# Blind cockapoo doing agility



## kendal (Jul 16, 2009)

i found this on you tube, i found it very interesting. 
just goes to show you can teach any dog anything. 
March 09
http://www.youtube.com/watch?v=pL80WOrDKrQ


may 09
http://www.youtube.com/watch?v=8wApzSfMLBQ


----------



## Dave (May 25, 2009)

Wow what an improvement from March to May! That takes quite some talent for both the dog and the trainer. You're right. You can teach any dog to do anything.
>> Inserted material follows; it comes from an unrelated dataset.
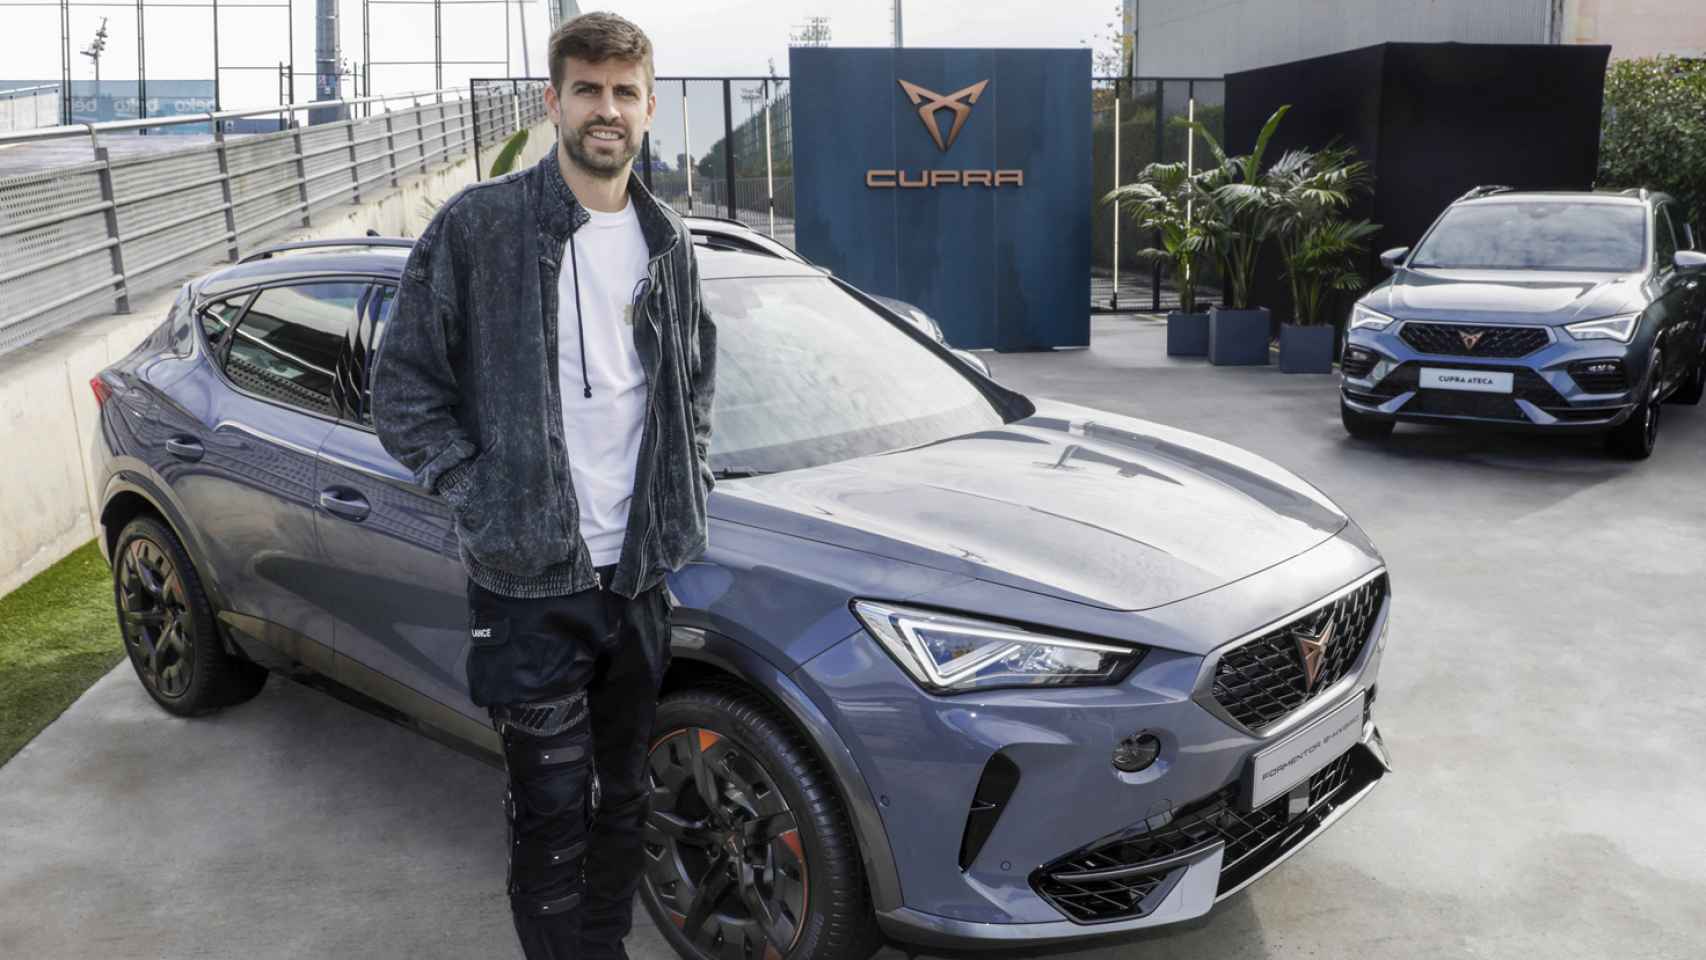 Gerard Piqué junto al Cupra Formentor, el SUV deportivo de la marca de Seat.

That dog couldn't see and walked up the ramps with very little problem.


----------



## ElaineR (Apr 5, 2013)

Just spotted these videos, it's so true, blindness doesn't need to hold a dog back.. I need to learn how to post videos of Bobby.. He is also trained with hand held bells.. Walks confidently.. Even runs at speed through the field I take him to.. At the moment it has really long grass and he is hilarious running through it.. When I shout for him he finds his way through the long grass to the little path and follows me round. When walking on lead, if I say 'careful' he slows right down and waits for next instruction.. I know im biased lol, but I think he's amazing...


----------



## ElaineR (Apr 5, 2013)

Dave said:


> Wow what an improvement from March to May! That takes quite some talent for both the dog and the trainer. You're right. You can teach any dog to do anything. That dog couldn't see and walked up the ramps with very little problem.


Just noticed you are from New Jersey Dave, my daughter there just now doing Camp America.. She was there last year too at a special needs camp and loved it so much hat she went back to same camp X


----------



## Jedicrazy (Apr 26, 2011)

Elaine, I'd love to see some video of Bobby. I'm sure he'll be an inspiration to us all .


----------